Dear Leader Rush also said the U.S. shouldn't support Haiti, or send any humanitarian relief:

We've already donated to Haiti. It's called the U.S. income tax.

Yes, he's anti-Obama, but he's also deeply racist. Do you really think he would have said the same things had such a natural disaster befallen a predominantly white country?

Steve Benen is right:

While the remarks have generated some criticism, including some pushback from the White House, no one seems especially surprised by Limbaugh's callousness. Limbaugh spews bile on a daily basis, and is richly rewarded. This is just who he is.

But Kevin Drum asked the same question I always ponder every time the right-wing, drug-addled radio host crosses the decency line: "I wonder what it takes to get the conservative movement to disown this guy?"
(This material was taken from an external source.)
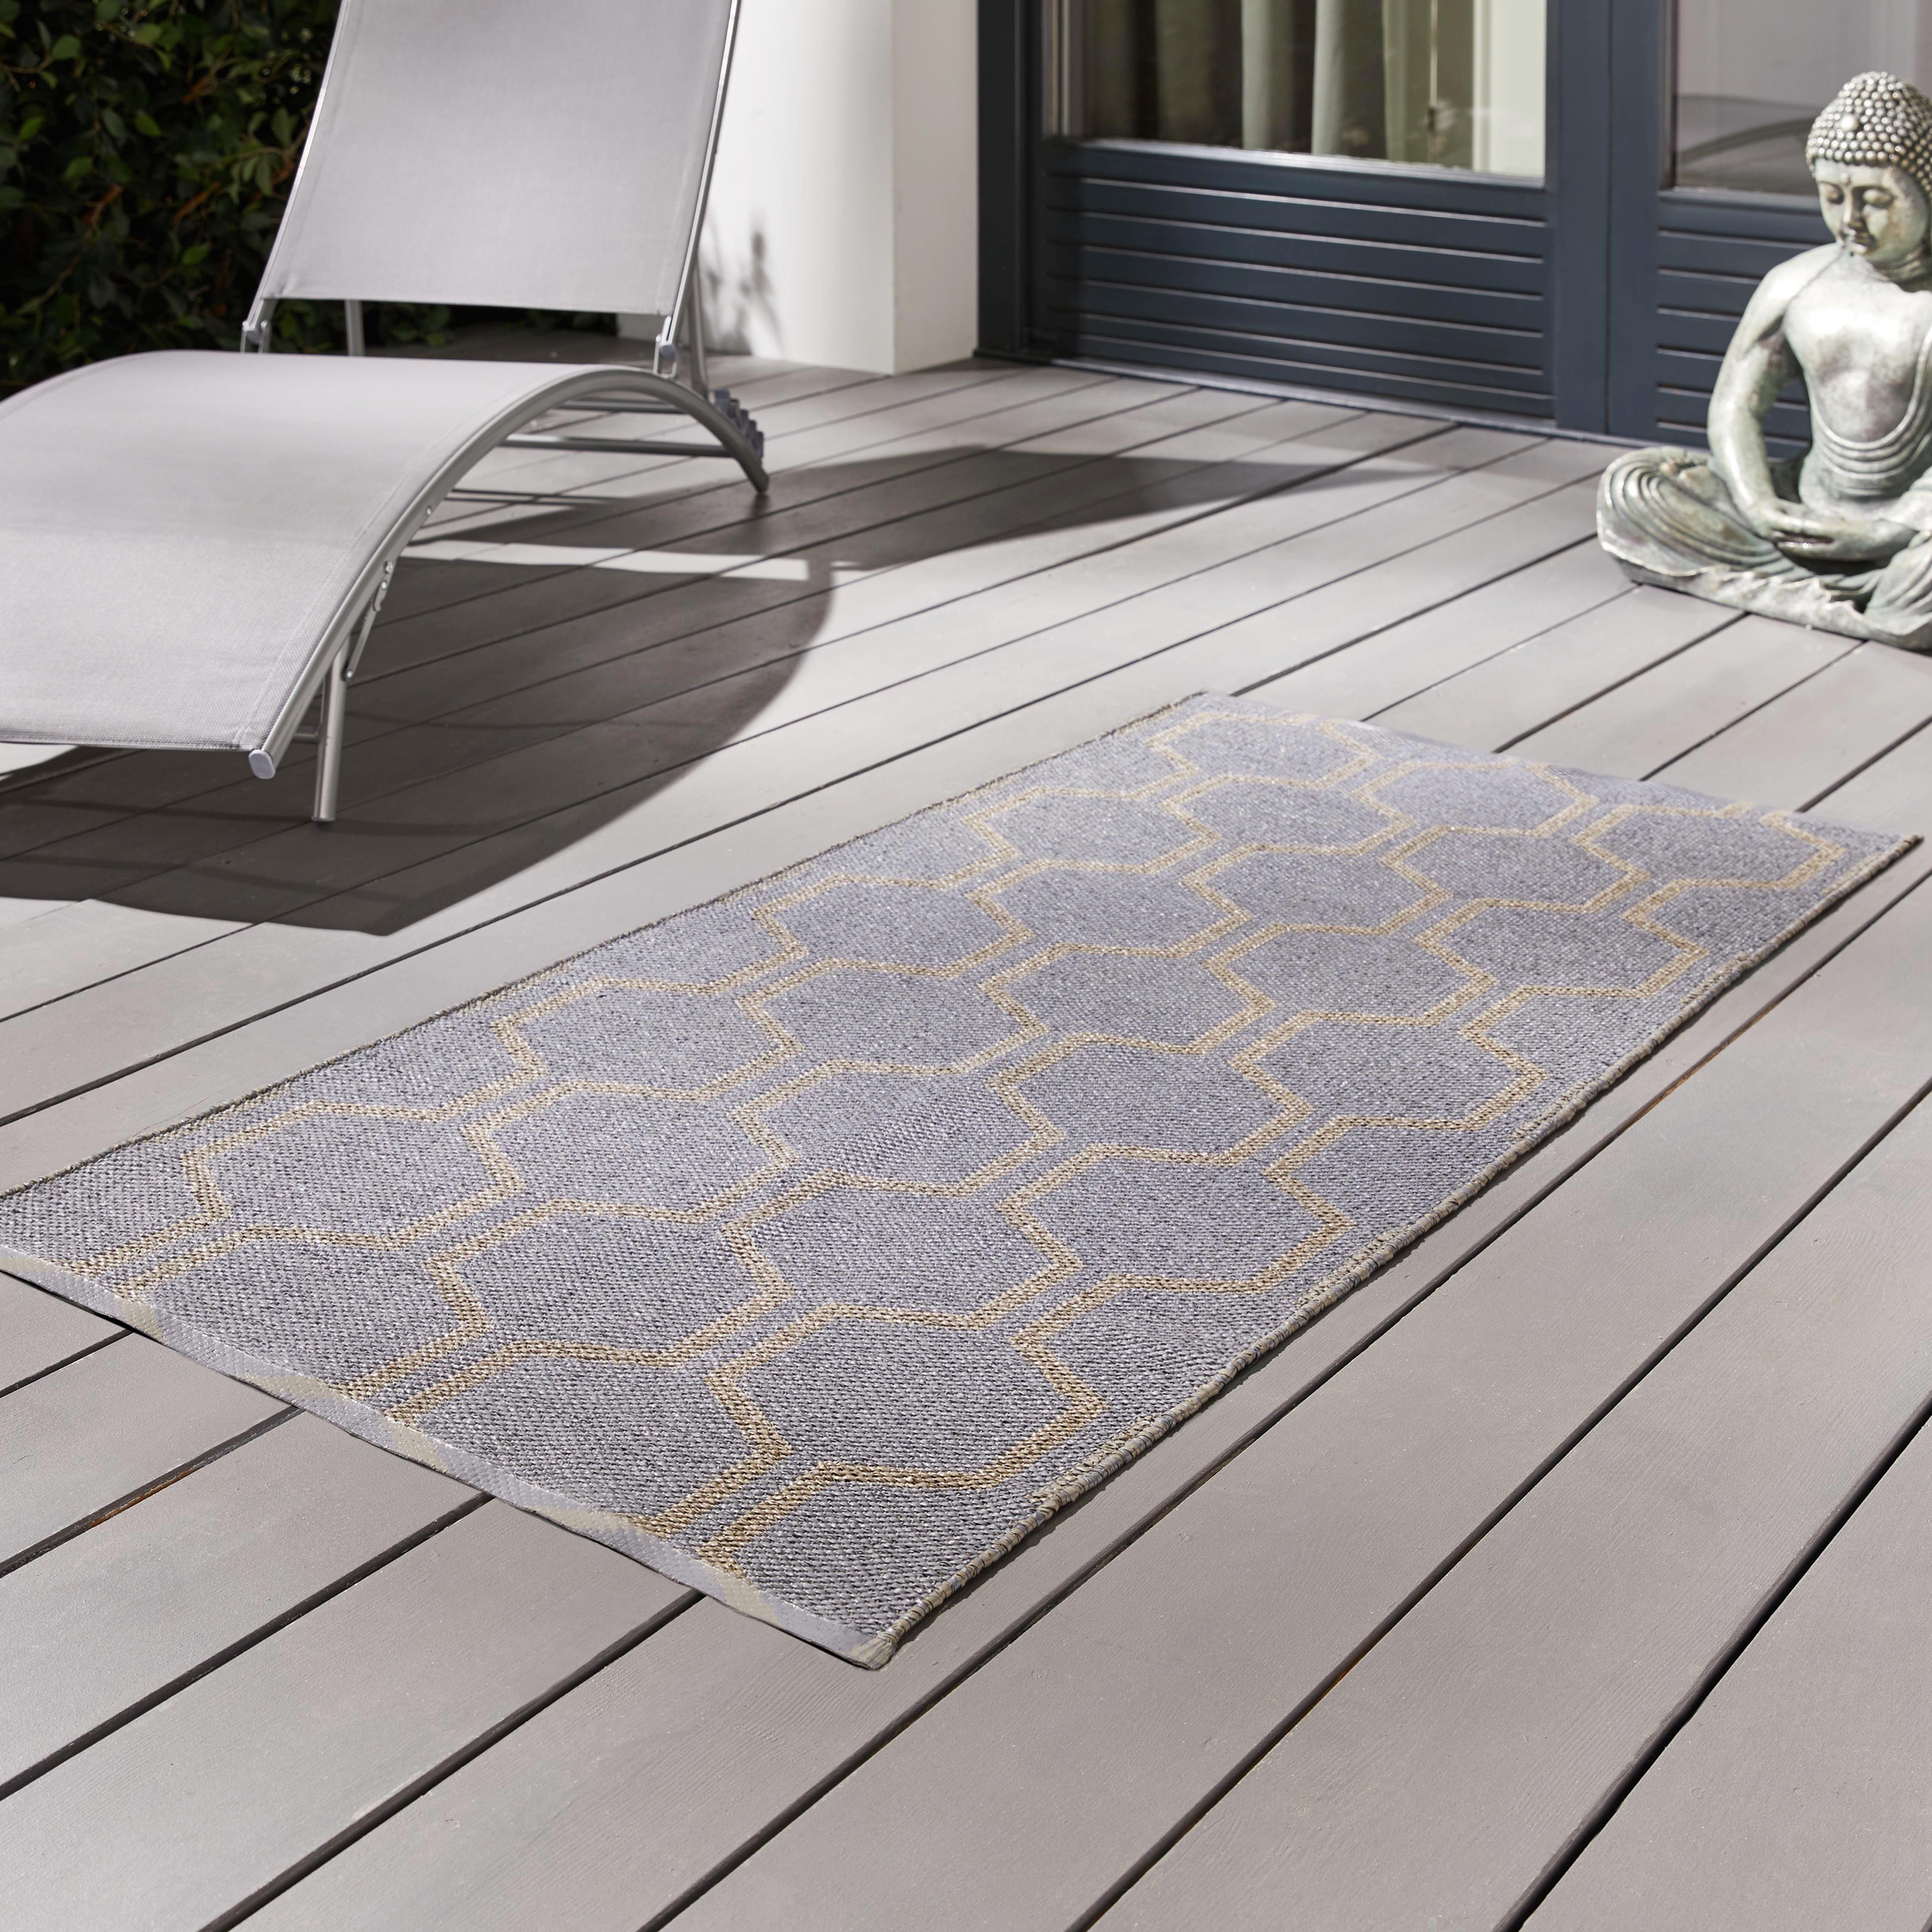 Outdoorteppich Jaques 70x140cm - Taupe/Grau, MODERN, Textil (70/140cm) - MÖMAX modern living

I wonder the same thing, but it simply never happens. On the other side of the ideological divide, when a Democratic lawmaker works with or appears at Netroots Nation, there's ample criticism from the right about Dems associating with "liberal extremists."

And yet, no matter how loathsome a figure Limbaugh becomes, top Republican officials not only reach out to the right-wing talk-show host, but effectively treat him as the de facto head of their political party. Indeed, in the rare instances in which a Republican actually offers subtle disapproval of Limbaugh, they invariably apologize to him and kiss his proverbial ring.

The GOP effectively lets Rush Limbaugh call the shots, and when he says disgusting things, Republicans don't dare disagree with their boss.

And so Rush gets away with being... what?... what's the right word for him? Let's just say that, like Pat Robertson, on whom we focused yesterday, he's a leading candidate for Worst Human Being in the World.

He was that already, of course, but he significantly bolstered his candidacy with these comments. Even some conservatives pushed back:

-- Joe Scarborough: "The insensitivity is stunning, the words are deplorable... [It's] indefensible."

-- Pat Buchanan: "They're deeply insensitive, no doubt about it. I think the President of the U.S. speaks for the country when he stands up there... I think Rush's comments were cynical."

No, they were far worse than cynical, but they did, once more, expose Rush -- along with his supporters and admirers, and what he stands for -- in all his naked inhumanity.